▶ AIM OF THE TASK
Print exactly the lines below between the line containing "Common gundi (Ctenodactylus" and the line containing "la-moresca-villa-and-pool-aerial", counting both of those lines. Leave pictures out.

▶ ENTRIES SHOWN
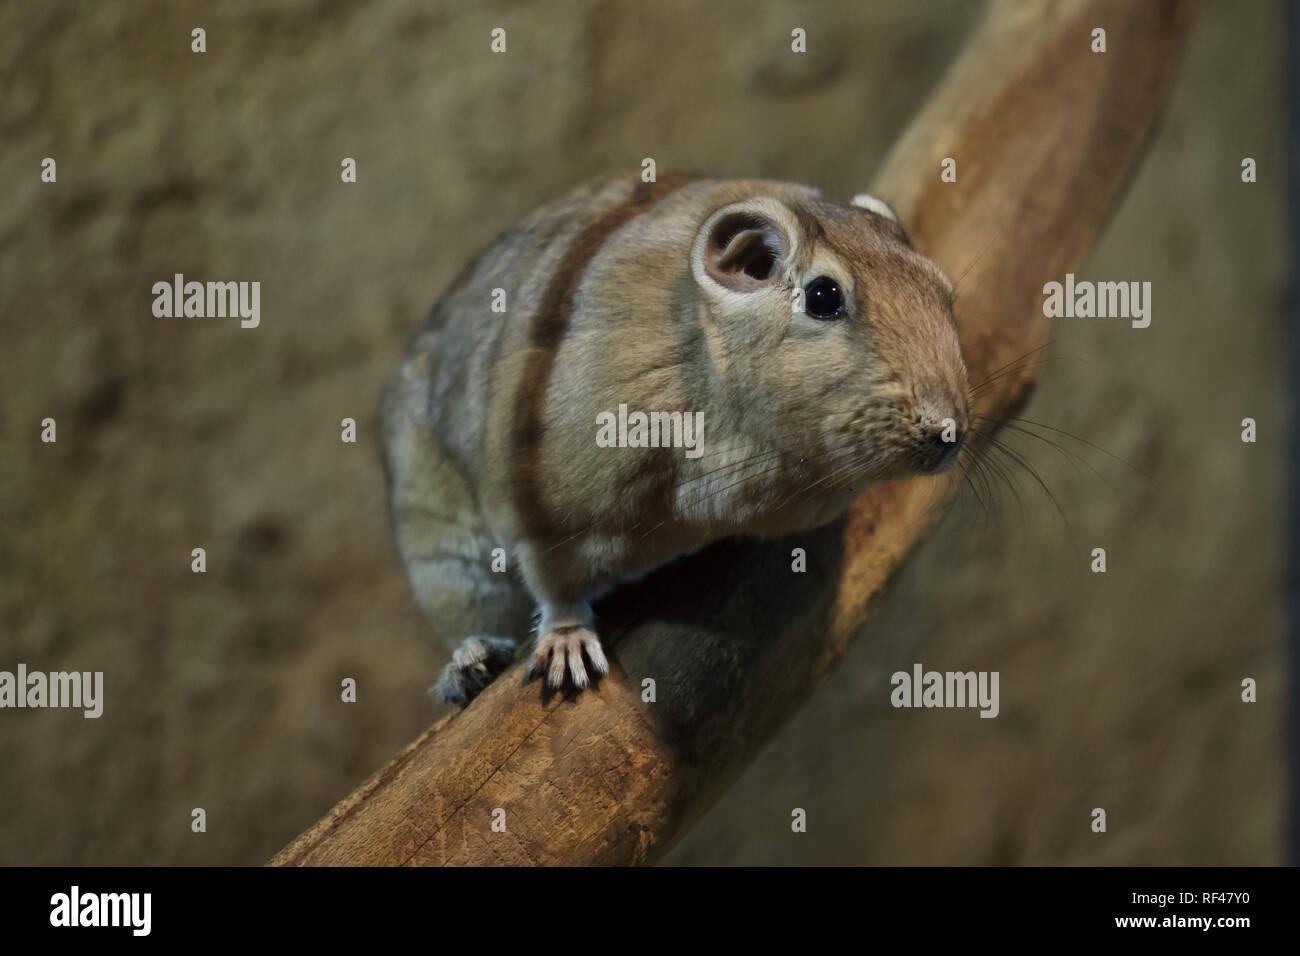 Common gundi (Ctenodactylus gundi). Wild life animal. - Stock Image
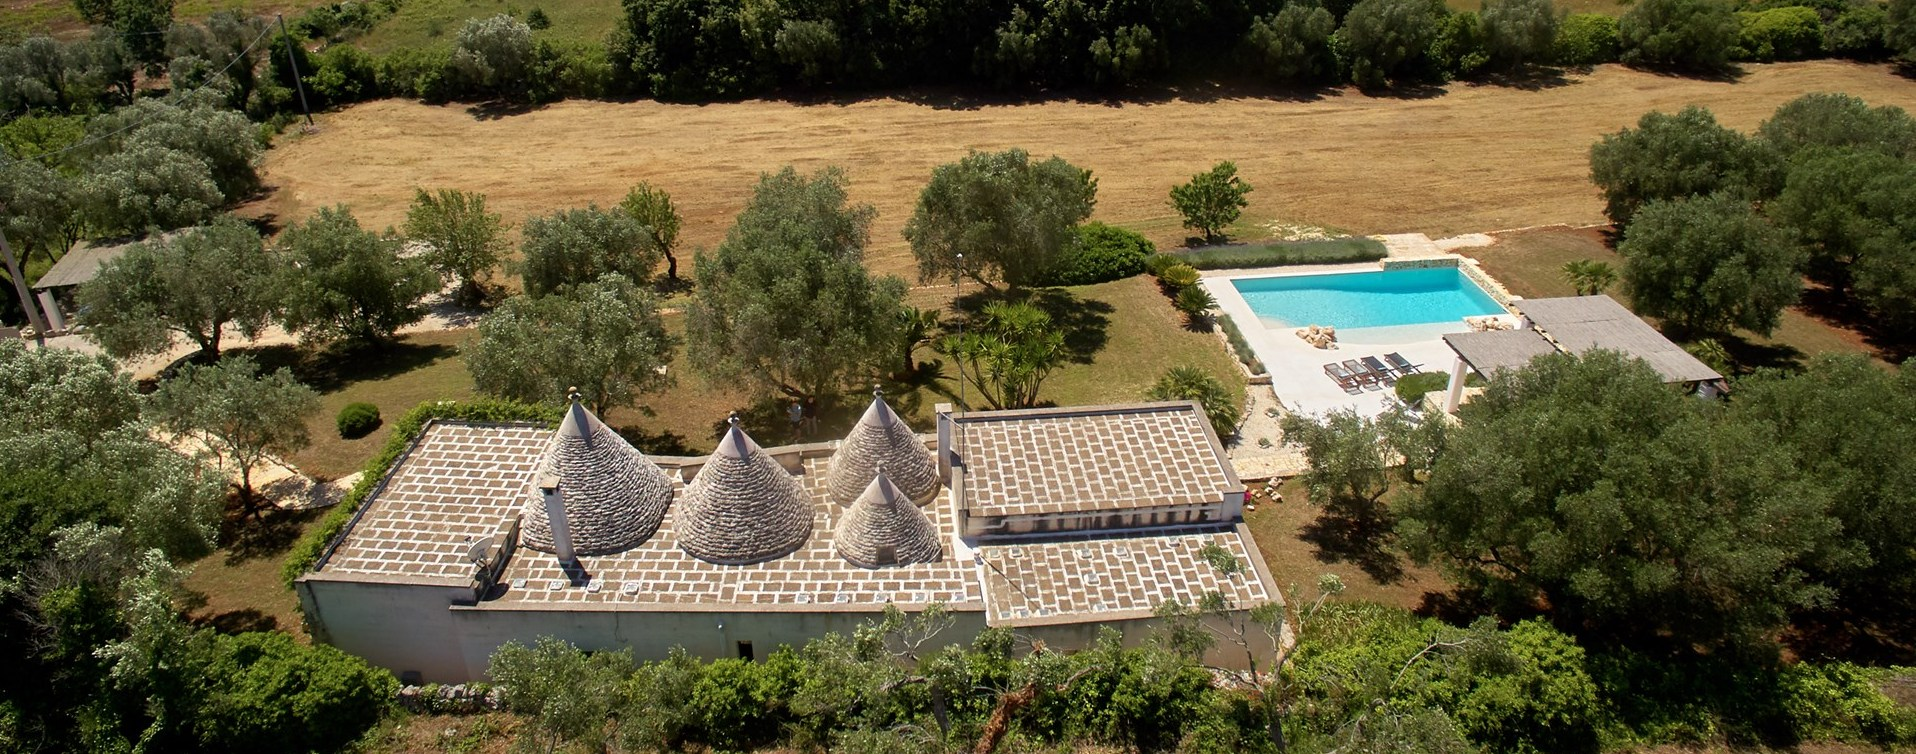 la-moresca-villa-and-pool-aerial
...
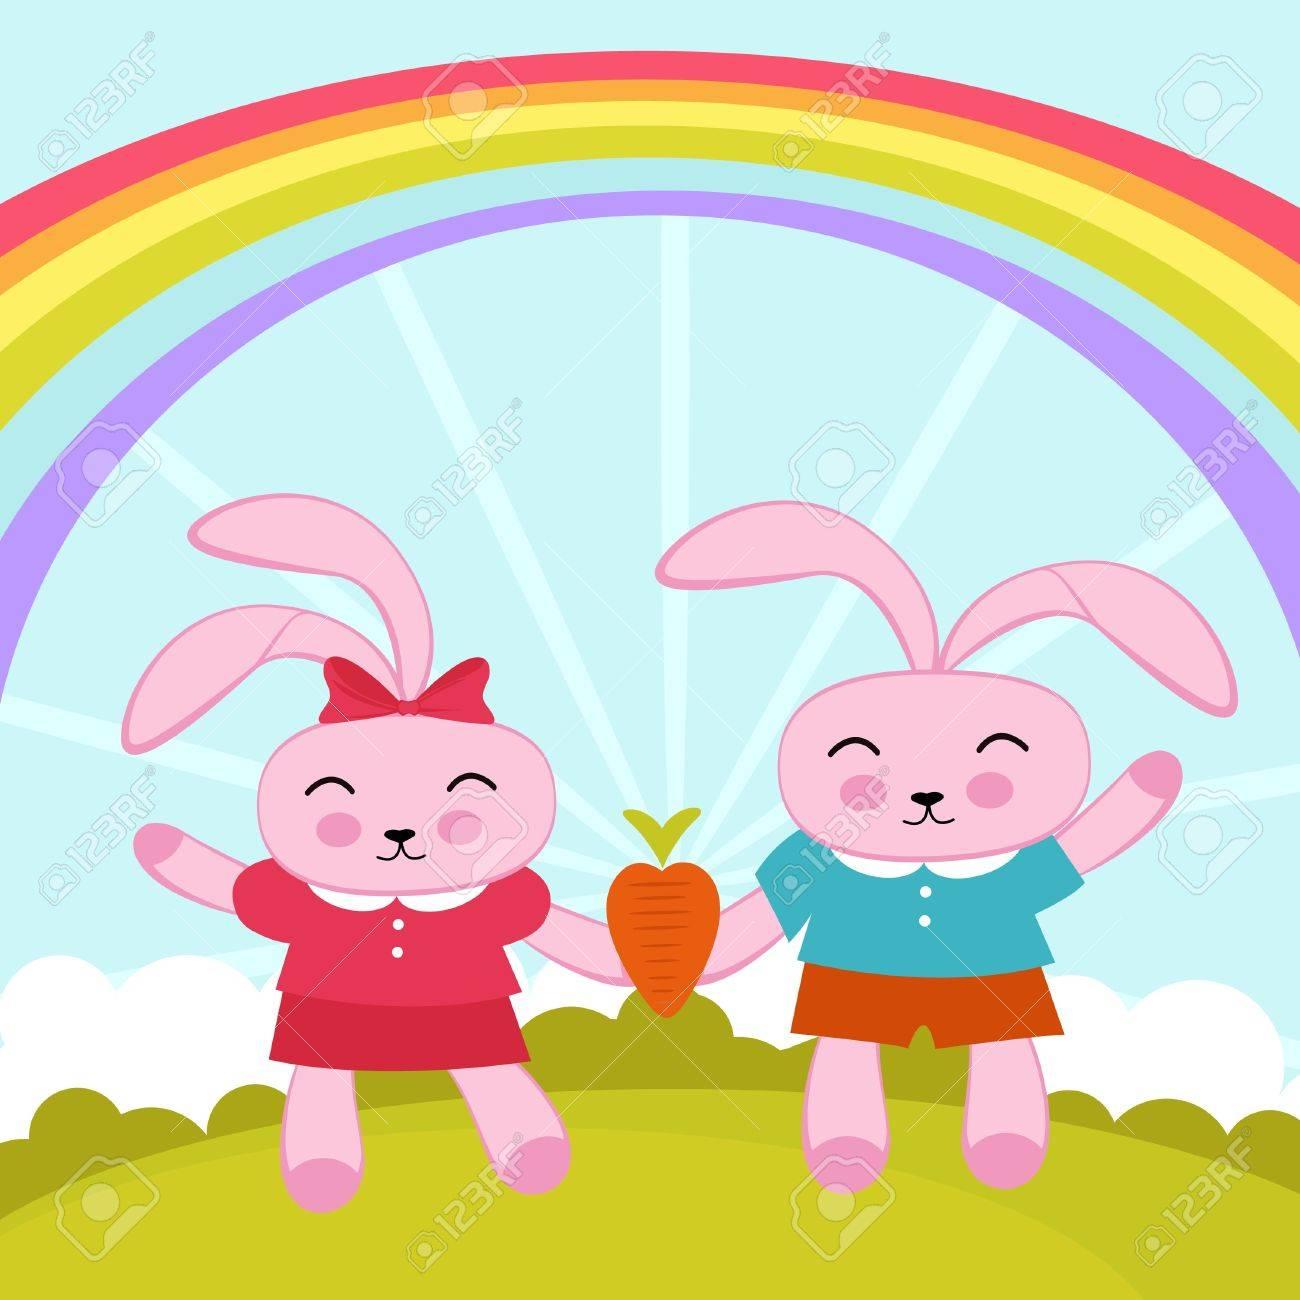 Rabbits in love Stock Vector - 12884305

▶ ANSWER BOX
 Common gundi (Ctenodactylus gundi). Wild life animal. - Stock Image
 la-moresca-villa-and-pool-aerial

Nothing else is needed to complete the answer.